Amidst these developments, the major security challenge that India has to face across its land and maritime frontiers arises from the continuing hostility of the Xi Jinping government. The threat posed to India by Chinese actions has been skilfully summed up by the former head of the Northern Command, Lt Gen HS Panag (retd). He mentions the conflict in Ladakh which commenced in 2020 when China seemed determined to move back to its unilaterally announced 1959 claim line. Beijing did not sufficiently succeed in this effort in the face of strong Indian resistance. Border tensions with China have escalated over the past three years. With an obviously well-planned attack in May 2020, China seized control of some areas in northern Ladakh. India responded firmly by enhancing deployment and establishing control over the strategic Kailash Range, a move China had evidently not expected.

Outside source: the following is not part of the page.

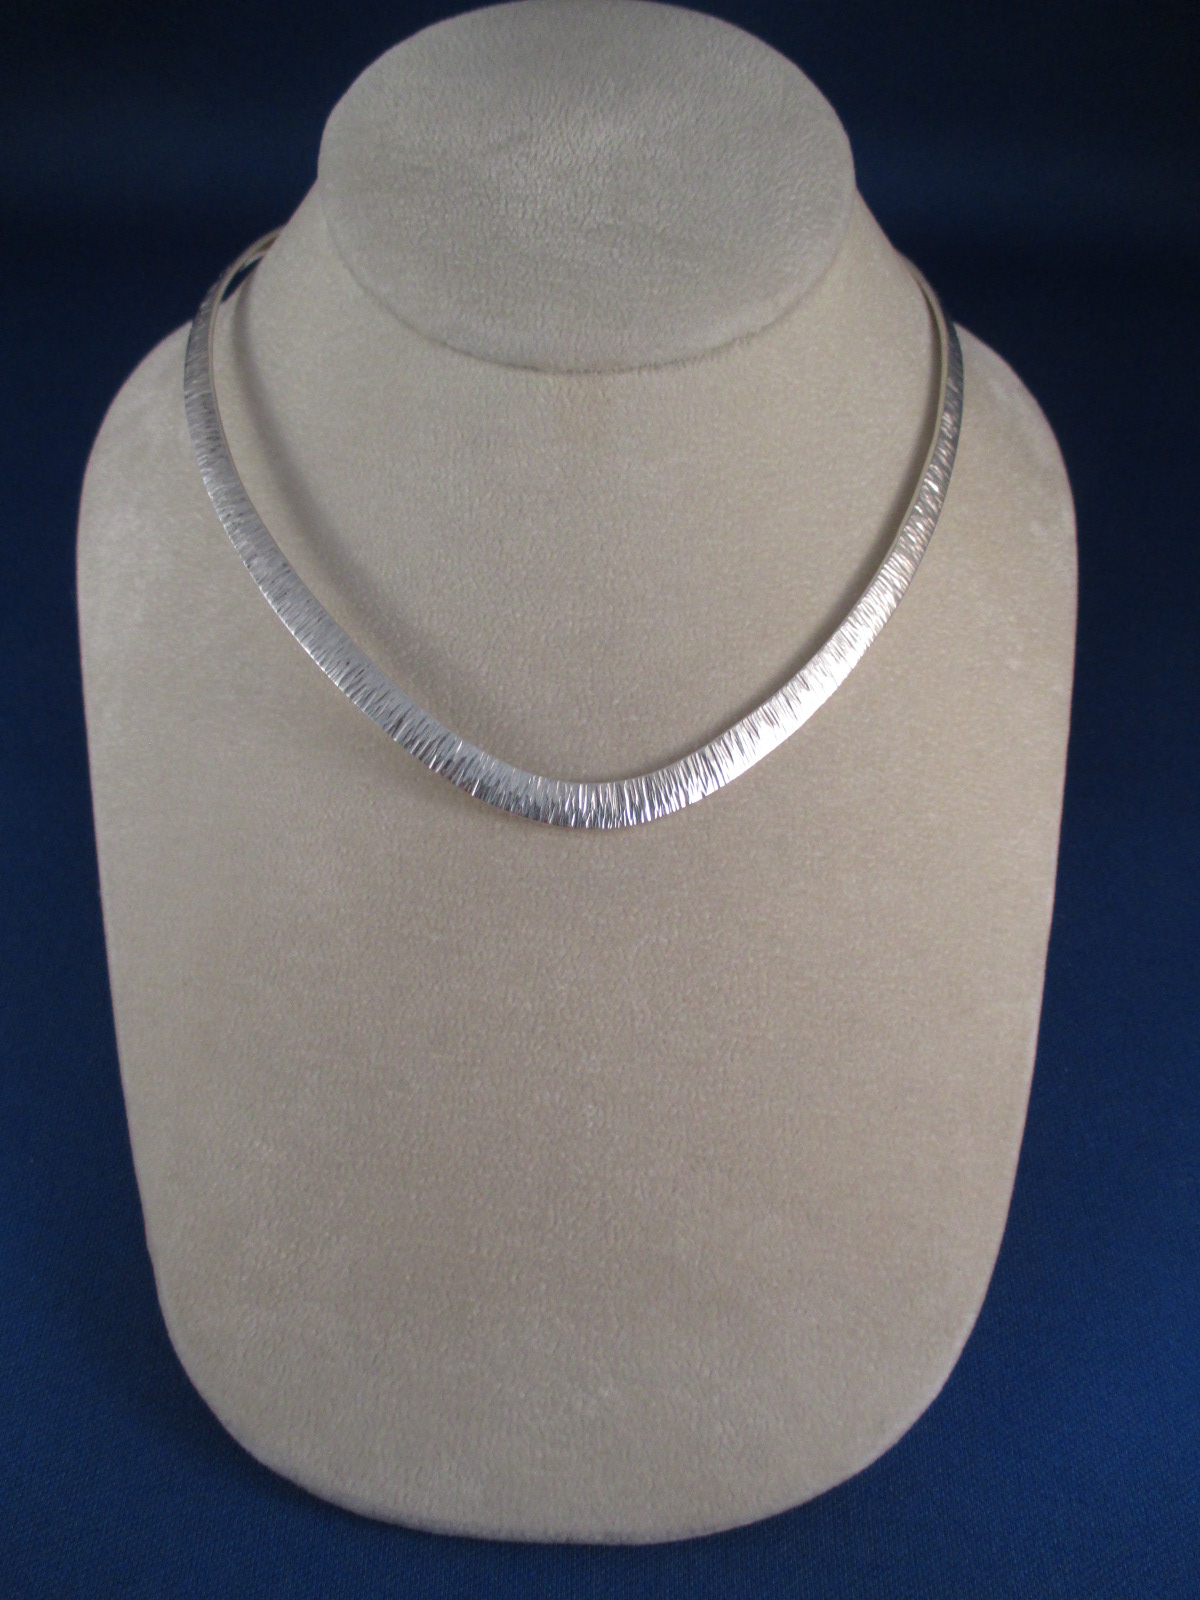 Corrugated Sterling Silver Collar Necklace by Navajo jewelry artist, Al Joe $550-

Talks between senior military commanders have failed to change the status quo. More importantly, Chinese attempts to seize territories have continued. India has responded strongly by resisting Chinese efforts to seize territories in Arunachal Pradesh in the Tawang area. China’s aim is clearly to keep Indian troops deployed in difficult terrain and ice-cold weather in Ladakh and Arunachal Pradesh. Things could change only if China realises that continuous ‘salami slicing’ of small bits of Indian territory is not going to impact India’s growing relations with the US, Russia and Japan. Nor are they going to influence India’s determination to foster economic and defence ties through groupings such as the Quad and I2U2 across the Indo-Pacific region.

China also remains determined to undermine India’s influence in Nepal by courting a wide cross-section of the Nepalese political elite. This is, however, easier said than done, given the interdependence of landlocked Nepal and its people with India. While Bhutan and India are linked by long-standing treaty commitments, China is now seeking to make inroads into Bhutan by negotiating a border agreement. Bhutan, with its long-term economic, cultural and spiritual links, is, however, sensitive to India’s concerns as it proceeds with its talks with China. Most importantly, China has backed Pakistan in confronting India by liberal supplies of conventional weapons and assistance to Pakistan’s nuclear weapons and missile programmes. China remains engrossed in its long-term programme for strategic containment of India. This is a reality that India has to recognise and be prepared for a long haul.

India’s response to this long-term reality of challenges that China poses has been gradually picking up momentum. This has involved maintaining good relations with Russia, despite western reservations, which have grown stronger after the Ukraine conflict. While India recognises that Russia cannot indefinitely hold on to Ukrainian territory, there is good reason to infer that Ukrainian President Zelenskyy went too far with his ambitions by joining hands with the US and seeking control of Crimea.

China, which has offered to mediate, is going to realise that no solution to the Ukraine crisis can be found unless Russia’s crucial interests in Crimea and concerns over ethnic Russians in southern Ukraine are addressed. The bitterness that has characterised relations between Russia and Ukraine makes US ambitions to cut Russia down to size a virtually impossible task in the near future.

In the meantime, India is set to face the difficult task of ensuring that differences with China and rivalries between Russia and China on the one hand, and the US and its European allies on the other, do not hamper the success of the G20 Summit it is hosting later this year.